Kuratorin Bettina Zorn verweist noch auf ein besonders Beispiel über die Beziehung von Kamelen und Menschen. In der Mongolei verweigerte eine Kamelstute nach einer schweren Geburt ihrem Kalb die Milch. Die Bemühungen der Kamelhalterfamilie, die Mutter zur Annahme ihres Kindes zu bringen, waren wochenlang erfolglos. An dieser Notlage nahmen immer mehr Menschen aus der Nachbarschaft Anteil, bis sich eine Lösung fand. Ein Musiker, der das mongolische Überredungsritual „Hoos“beherrschte, stellte mit Gesang und Instrumentalmusik die Harmonie zwischen der Kamelmutter und ihrem Kalb her.

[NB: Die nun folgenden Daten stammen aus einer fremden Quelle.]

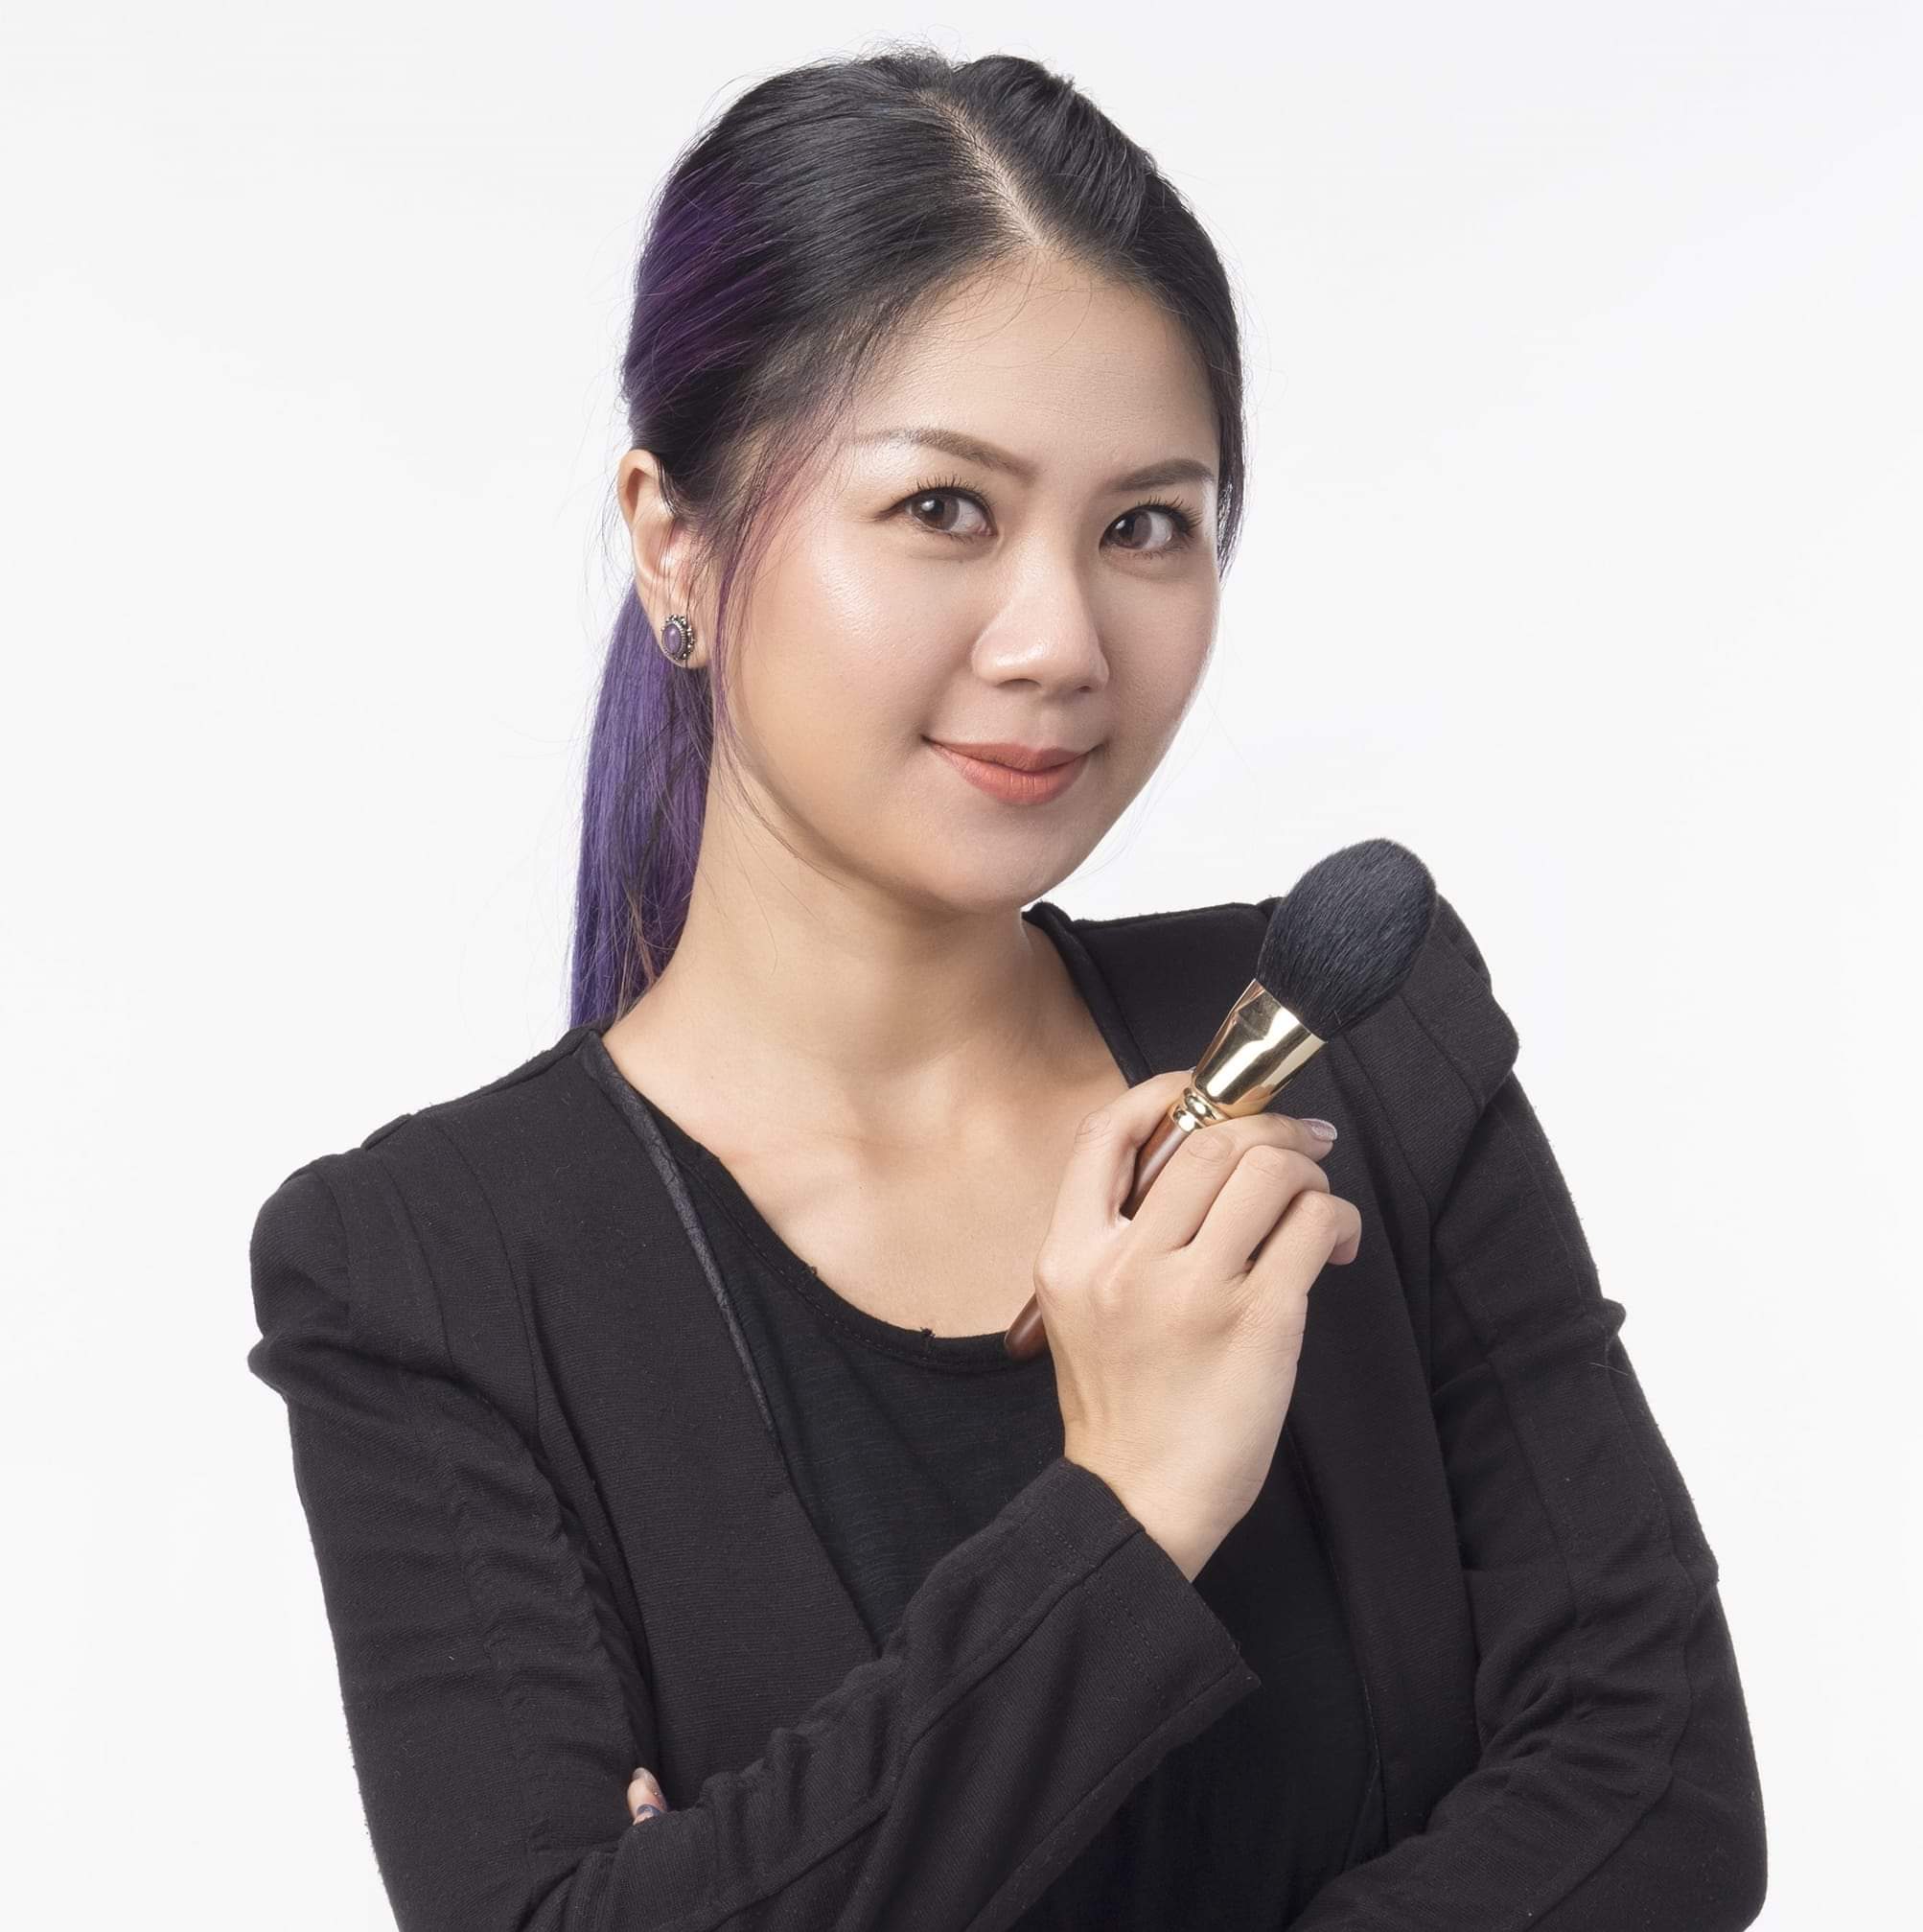 化妝師排行榜: Brenda Cheung 
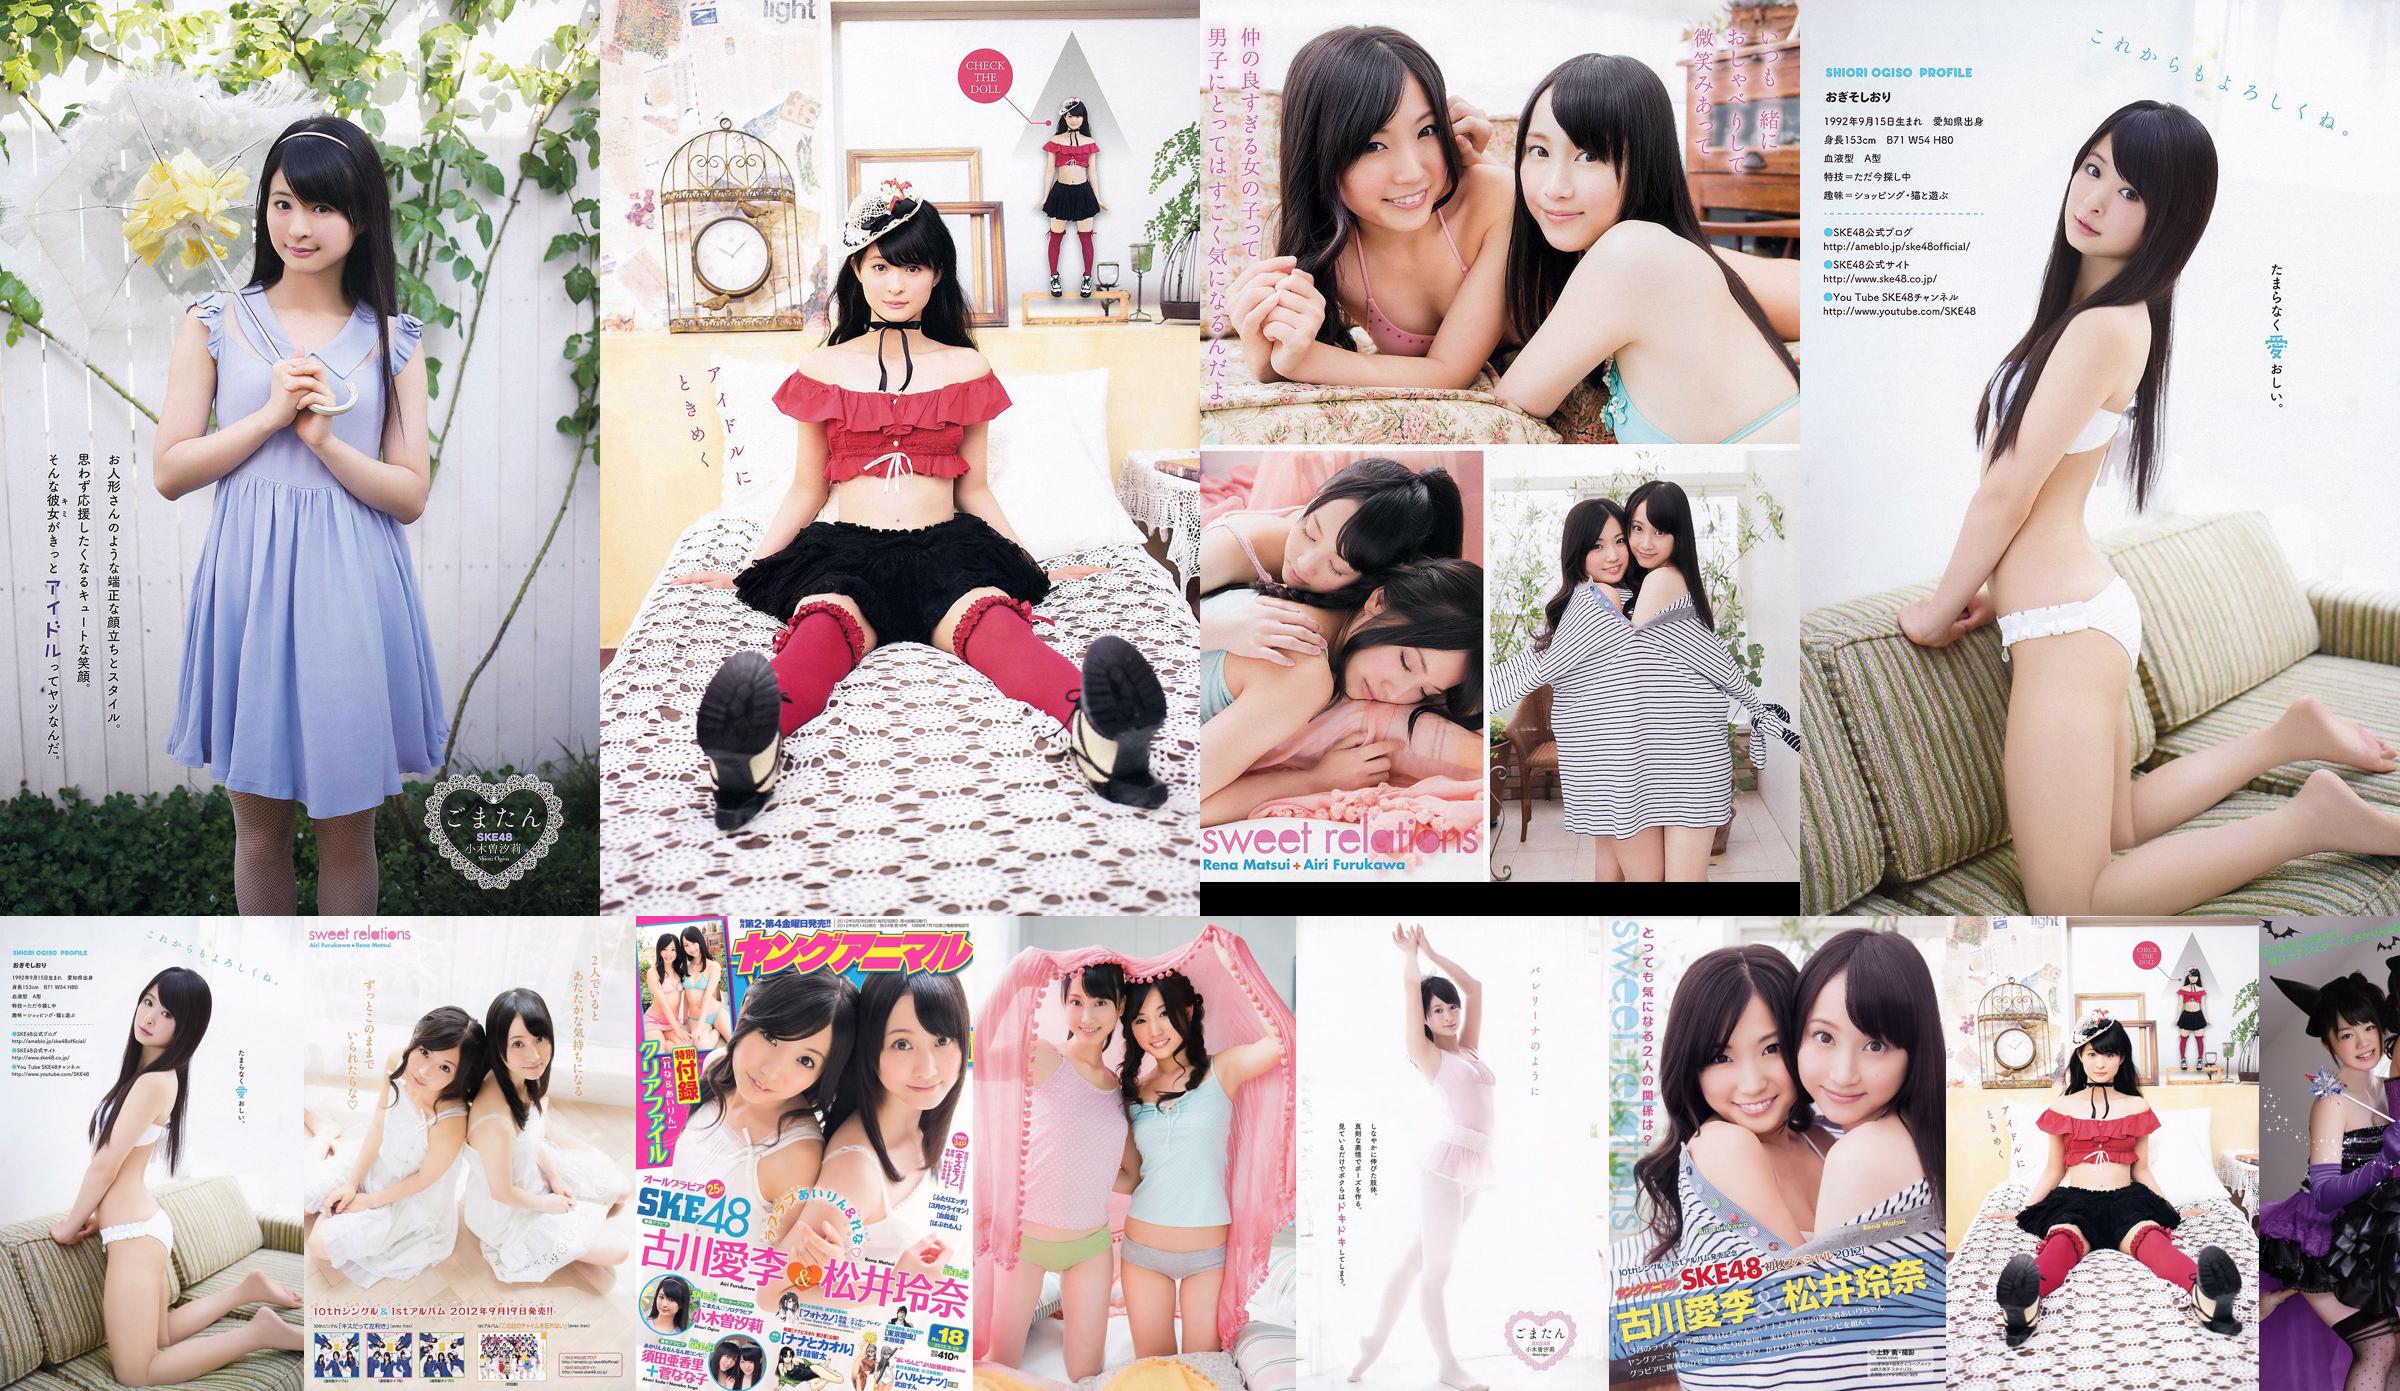 Ai Li Furukawa, Rena Matsui, Sasa Ogi, Aikari Suda [Young Animal] 2012 nr 18 Photo Magazine No.17ad39 Strona 3

Wer diese berührende Geschichte nachempfinden will, sollte sich den vielfach prämierten Film „Die Geschichte vom weinenden Kamel“anschauen.
Seit diesem Donnerstag besitzt die Ausstellung bis zum 13. Oktober 2024 eine interessante Ergänzung im nahe dem Museum gelegenen Theseustempel im Wiener Volksgarten. Dort beleuchtet die in Dubai lebende Künstlerin Zeinab Alhashemi die Bedeutung von Kamelen für die Kultur und das Leben auf der Arabischen Halbinsel.
Auf dem Rücken der Kamele, Weltmuseum Wien, Neue Hofburg, Heldenplatz, 1010 Wien.